Re: Yar'Adua and a sick nation
Aguabata posted on 09-01-2008, 17:20:01 PM
Its obvious that the Nigerian press is anything but professional, I read Nduka Obaigbena image laundering article on Yaradua, I understand newspapers are free to be left wing or right wing but I'm damn sure none of those agendas are of interest to our media houses. If we had integrity in our media houses they should be running riot till Odili, Ibori and Co's trials are given the attention they deserve. Rather it is Ndi Okerekes party with her more money than sense friends that the EFCC is concerned about. On EFCC's priority list that matter should be at the bottom. The media houses are a sale out, some of the editors are simply waiting for appointment as press secretary to Governors or hitting the bulls eye as presidential spokesman as their brother Adeniyi.
Re: Yar'Adua and a sick nation
Bobokite posted on 09-01-2008, 17:43:03 PM
QUOTE:
Hopefully Okey Ndibe would, some day (in the spirit of reform) name the \"Abiola\" of this Presidential Election i.e. the real winner \"gan gan gan\" whose mandate was stolen by Yar Adua, so that the common man in Nigeria can know under whose banner he will be going \"back to the trenches\".


Thats a good question for ON but i dont think he is not in a position to name the winner. He can only name such person if there were elections in Nigeria. No body Voted, Maurice just allotted scores so how could someone be a winner?
Re: Yar'Adua and a sick nation
NWANZA posted on 09-01-2008, 18:36:01 PM
QUOTE:
Maduekwe and Odey are products of a political culture that thrives in the dissemination of misinformation. One often wonders whether the Maduekwes and Odeys of our world truly believe that Nigerians are so gullible, or whether they are they just caught up in a system whose currency is to rearrange the truth?

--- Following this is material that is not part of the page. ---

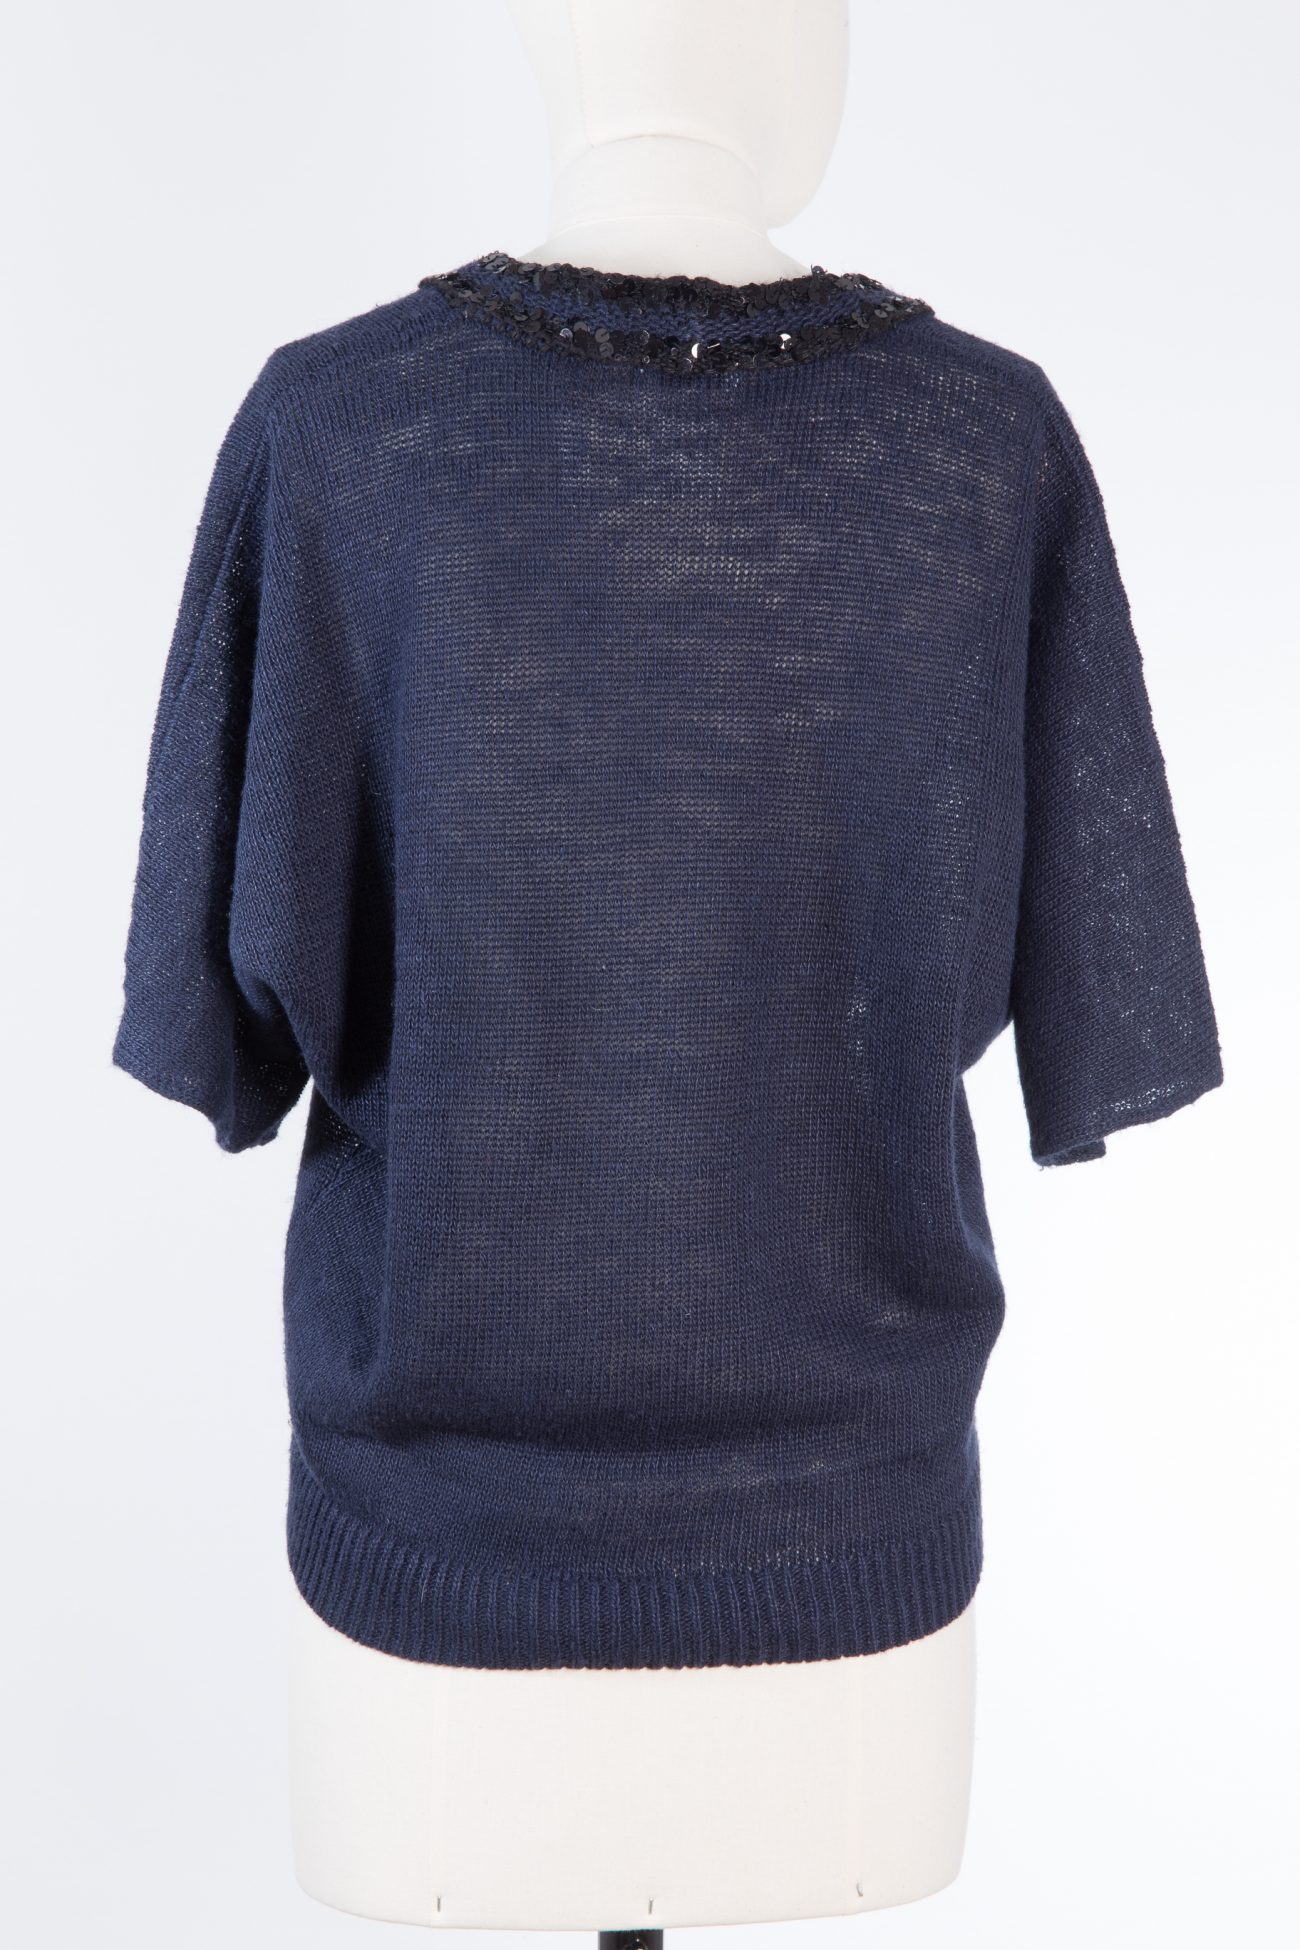 Brunello Cucinelli Sweater, S. Sequin embellished hemp sweater

Sadly, much of the Nigerian press lends a hand, I suspect wittingly, to this process of deception. First, I don't recall any newspaper, major or minor, that published the report that Yar'Adua's trip to Saudi Arabia was for medical treatment. That story was told exclusively by saharareporters.com, a website that has become a must-go destination for Nigerians anxious to find out, in words and pictures, how their country is misgoverned.


We need to fight for the passage of FOI bill, and the need for full disclosure from the Presidency about the capacity of the President to carry out governance.

Nigeria deserves a government that works for all of the people, and that means 100% truth & honesty 100% of the time. Democracy will not survive with the type of deception that is taking place today.

The president should not travel out of the country without the media as is done in other nations. Our president should not attend hajj and leave the seat of power without handing over to the vice president.

Scurrilous gangs that won't let go has hijacked Nigeria; therefore it will take a revolution to get this government back to the people.